Return the lines of the data below starting at the one holding "Doki! Special 2006-04 page 20 full" and ending at the one holding "Level 3 evacuations", word for word, leaving every picture out.

## [DATASET ENTRIES]
..........

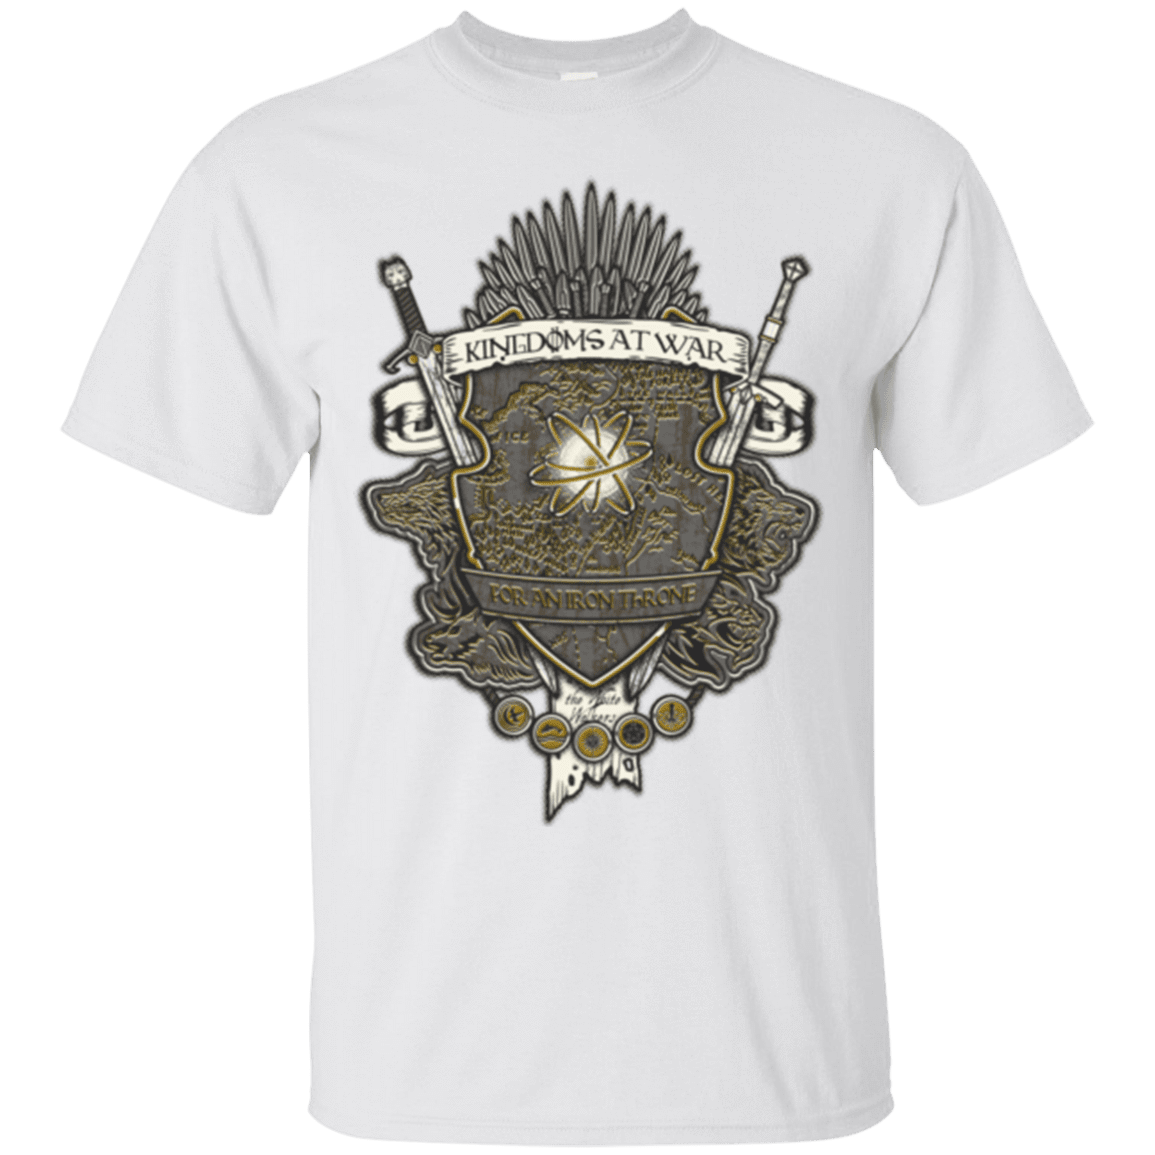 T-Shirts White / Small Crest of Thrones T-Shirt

..........

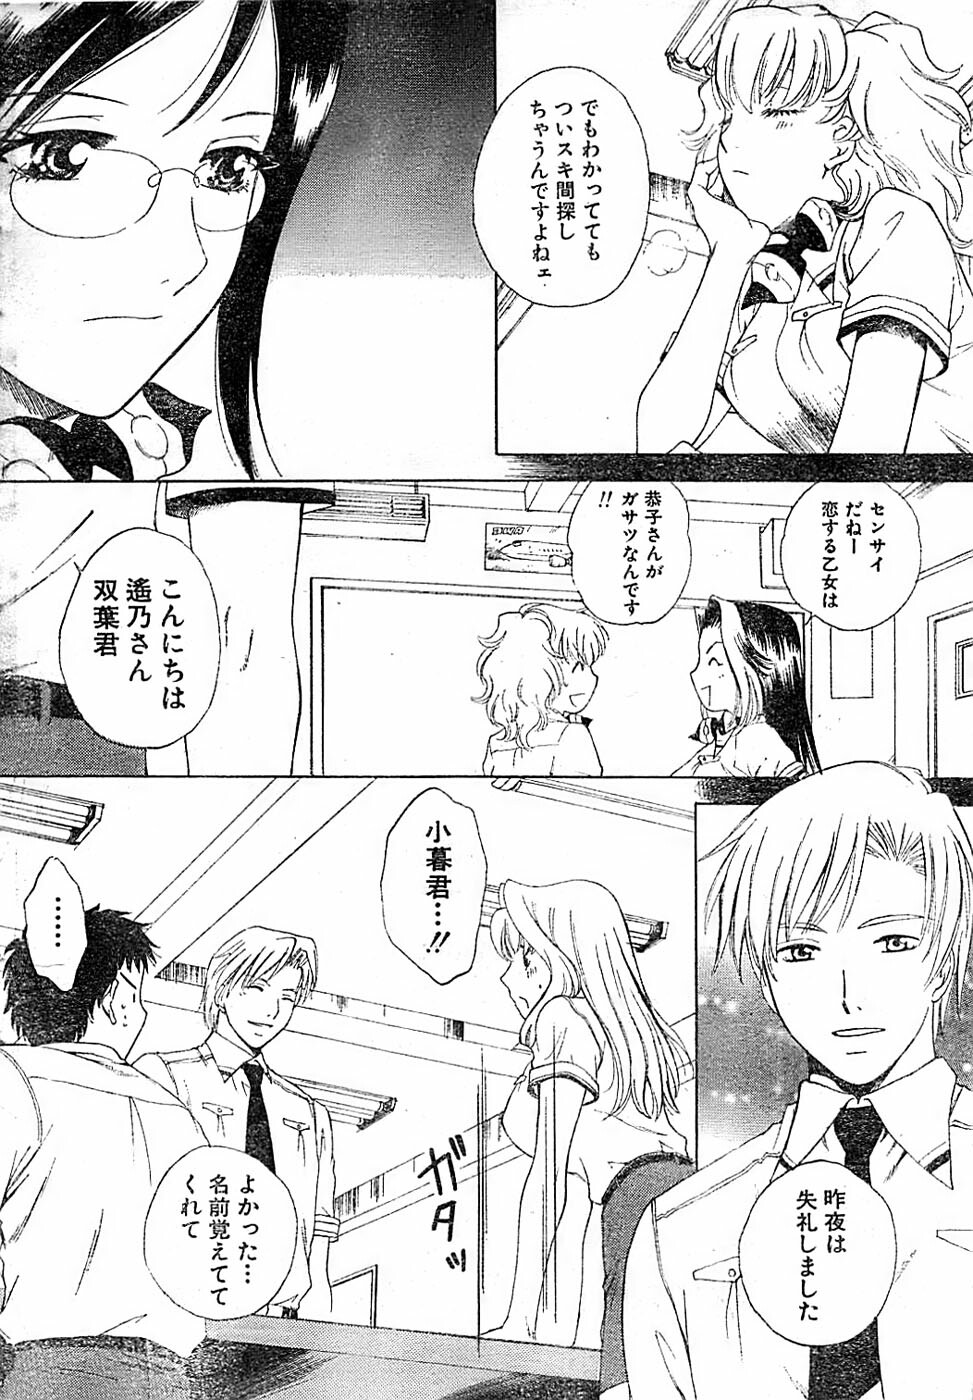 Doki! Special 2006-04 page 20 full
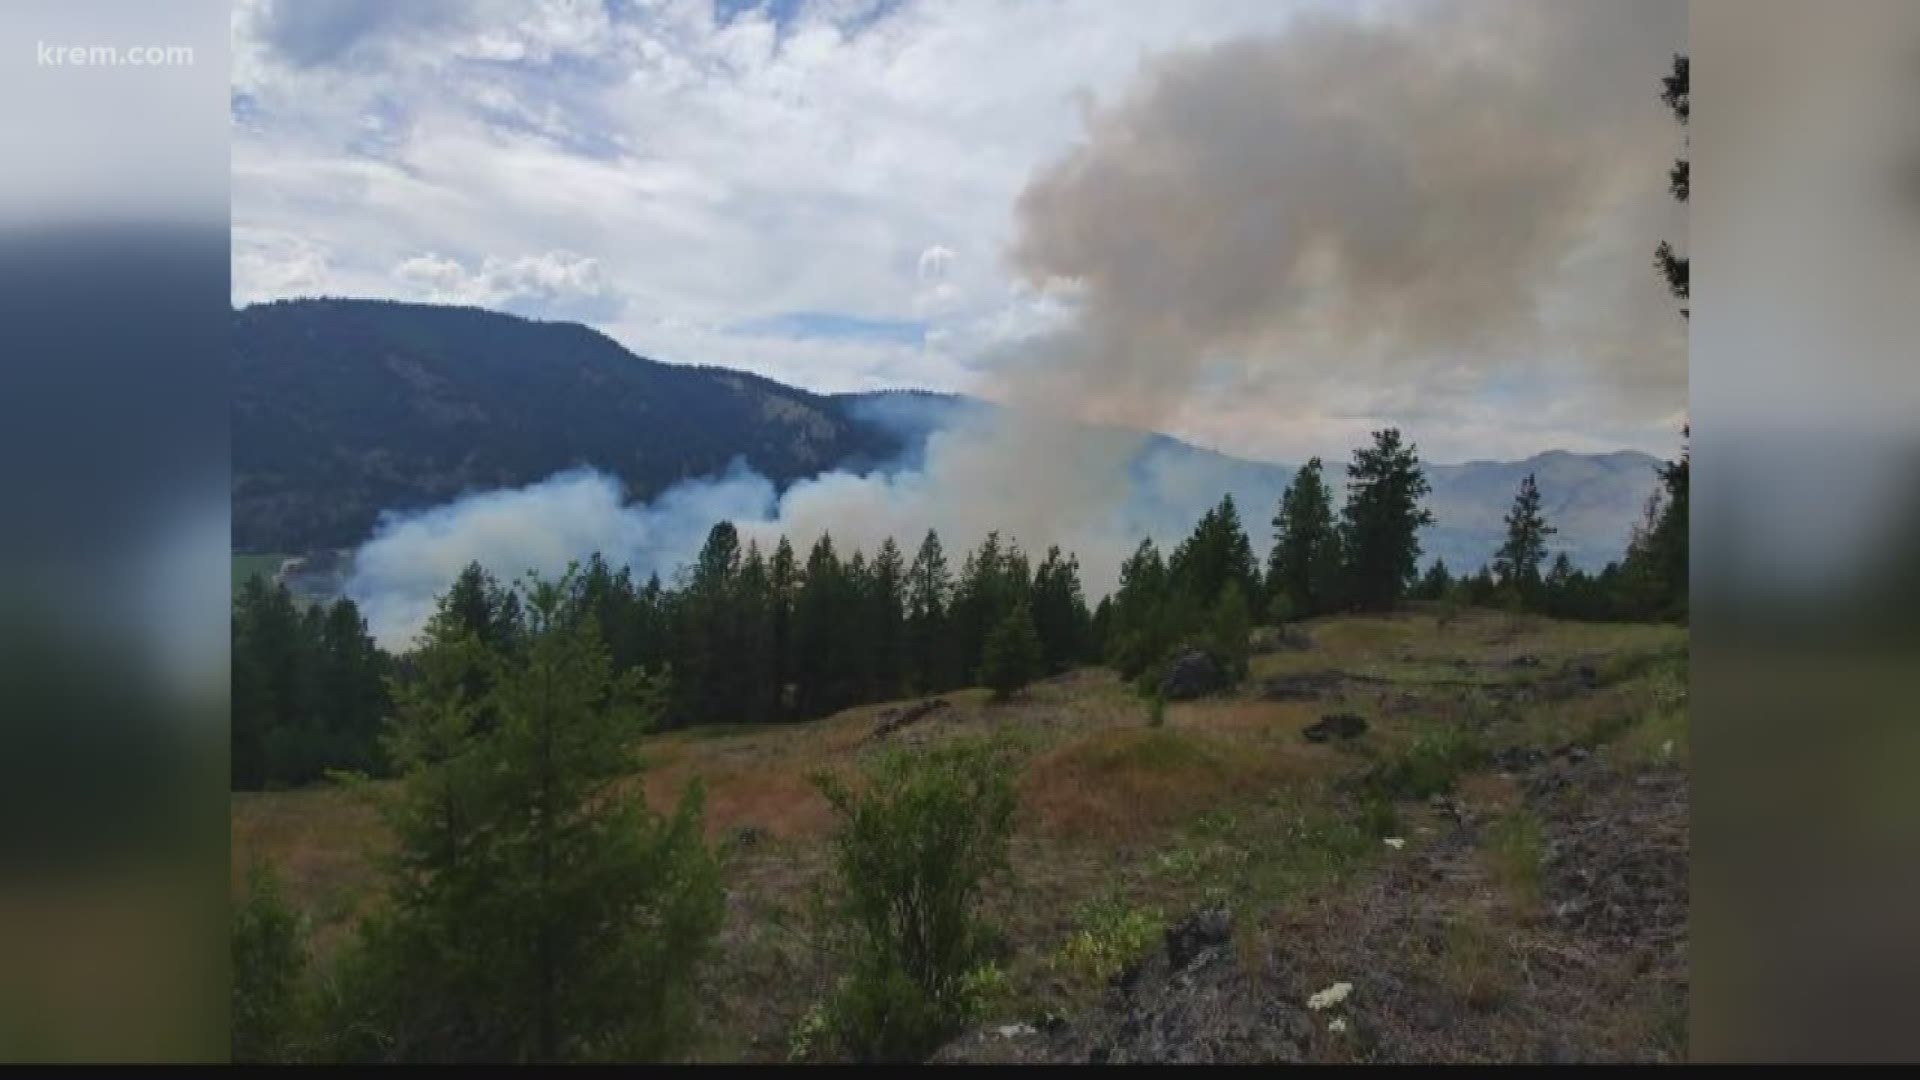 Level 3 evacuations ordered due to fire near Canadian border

..........

## [TASK RESULT]
 Doki! Special 2006-04 page 20 full
 Level 3 evacuations ordered due to fire near Canadian border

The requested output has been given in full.